I tried this out and it worked for me.

ASP.NET Mvc - nullable parameters and comma as separator

How should I define route in my global.asax to be able use nullable parameters and coma as separator?
I'm trying to implement routing rule for my search users page like
"{Controller}/{Action},{name},{page},{status}"
Full entry from the Global.asax:
routes.MapRoute(
"Search",
"{controller}/{action},{name},{page},{status}",
new { controller = "User", action = "Find",
name = UrlParameter.Optional,
page = UrlParameter.Optional,
status = UrlParameter.Optional }
);
Routine defined like above works fine when I'm entering all parameters, but when some parameters are equal to null routing fails (for example "user/find,,,")
According to Clicktricity comment bellow - the singature of action method that handes the request:
public ActionResult Find(string userName, int? page, int? status)
{
// [...] some actions to handle the request
}
On the beginning I was testing the route by VS debugger, now I'm using route debugger described on Phil's Haack blog.
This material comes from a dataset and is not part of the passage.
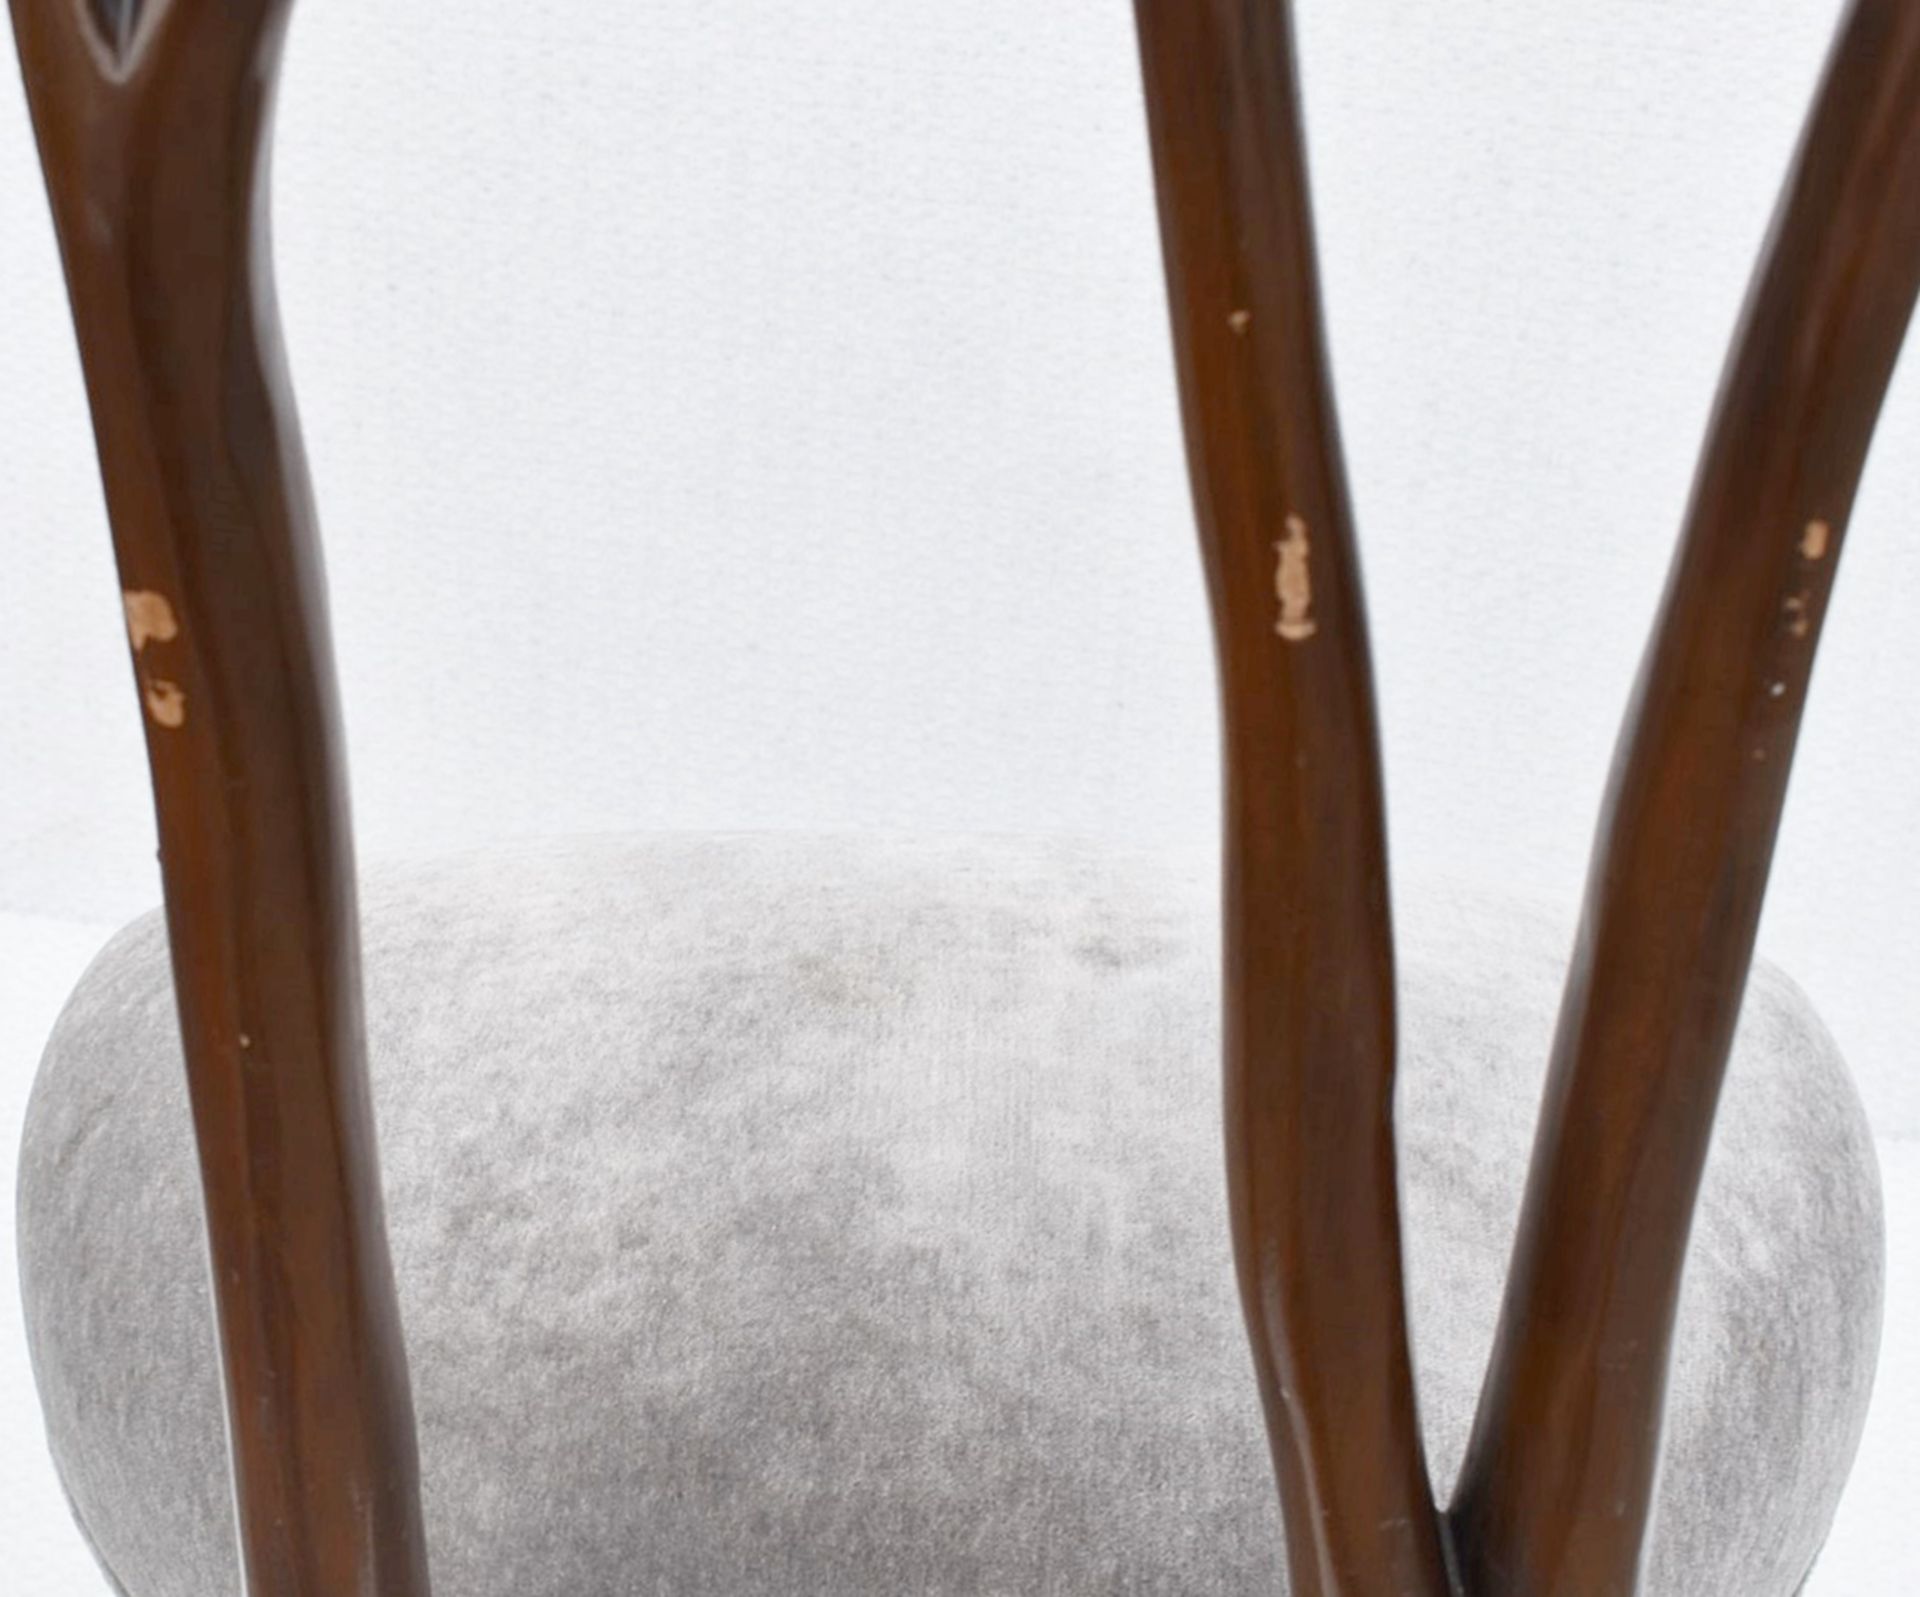 1 x CHRISTOPHER GUY 'Le Jardin' Luxury Hand-carved Solid Mahogany Designer Dining Chair - Recently - Image 8 of 14

The tool confirm - that routing with null values is not properly handled (or I'm doing something wrong ;) )
As far as I know .Net routing doesn't let you do multiple nullable parameters like that. Multiple parameters will only work if they are missing working backwards from the end and with the separator also missing so you'd get matches on
user/find,bob,2,live
user/find,bob,2
user/find,bob
user/find
It'd be a lot easier to use querystrings for what you're trying to do.
Edit based on comment:
If this is necessary then you could try doing it this way (though it's not a nice approach)
Change your path to match
{Controller}/{Action},{*parameters}
Make sure to put a constraint on the action and controller so this is limited to as few as possible.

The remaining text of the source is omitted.